The impact of the recession continued to drive the value of Florida farmland lower in 2009 with the exception of wooded farmland. That's according to the annual Florida Land Value Survey conducted by the University of Florida's (UF) Institute of Food and Agricultural Sciences. The survey, which does not evaluate urban land values, was taken during the final months of 2009 and seeks to determine average rural land values as of May 2009.
Results show farmland in North Florida dropped between 3% and 17% in value from 2008 while farmland in South Florida dropped even more -- between 10% and 31%. The decreases noted for 2009 follow strong declines in 2008, which saw some areas of Florida lose as much as half their value in 2008. Prior to the sharp downturn in 2008, rural Florida land values had experienced strong gains spurred by the population boom between 2002 and 2006, the report says.

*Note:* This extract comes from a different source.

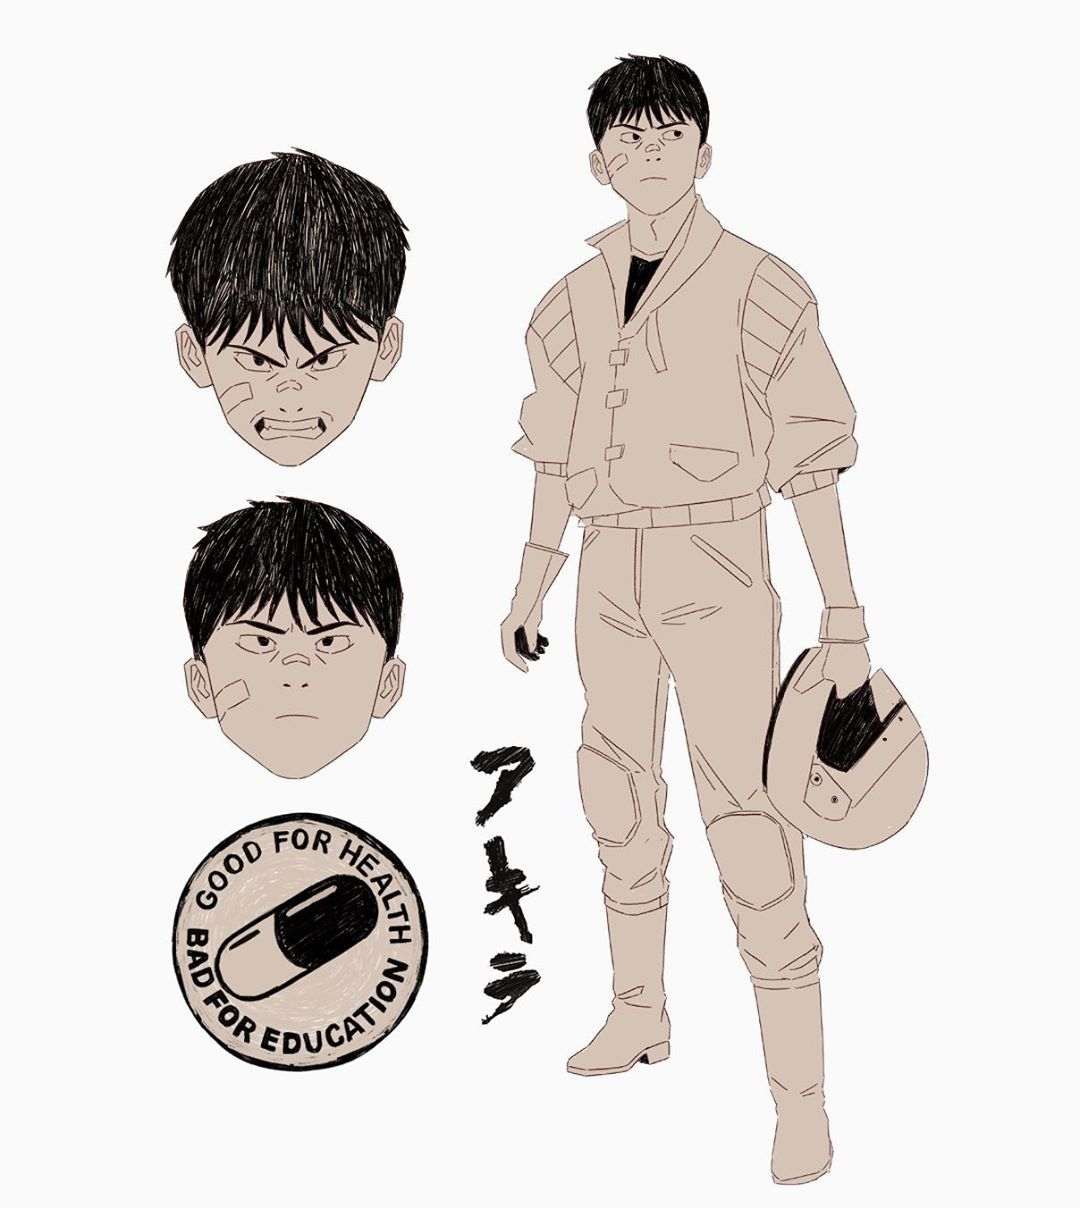 Mau Lencinas On Instagram Sketching Shotaro Kaneda Akira Katsuhirootomo Akira Anime Akira Characters Akira Manga

The exception to the drop in value is wooded farmland, which reported a marginal increase of just more than 1%, but it's not clear what contributed to the increase, the report says.
The report indicated pasture land rose 22%, but this was interpreted as a market correction to a disproportional devaluation in 2008, says Rodney Clouser, UF professor of food and resource economics who conducted the survey.
Survey respondents said they expect land values will continue to decline in 2010 but that the decrease will be much less severe than that of 2008 and 2009, likely around 6% to 7%.
"The steepest decline is likely over," Clouser says, "but it will most likely be a few more years before we see an overall increase in values. Even after the bigger economic picture improves, there will be a surplus of land in Florida that will need to be sold before the values begin to go up again."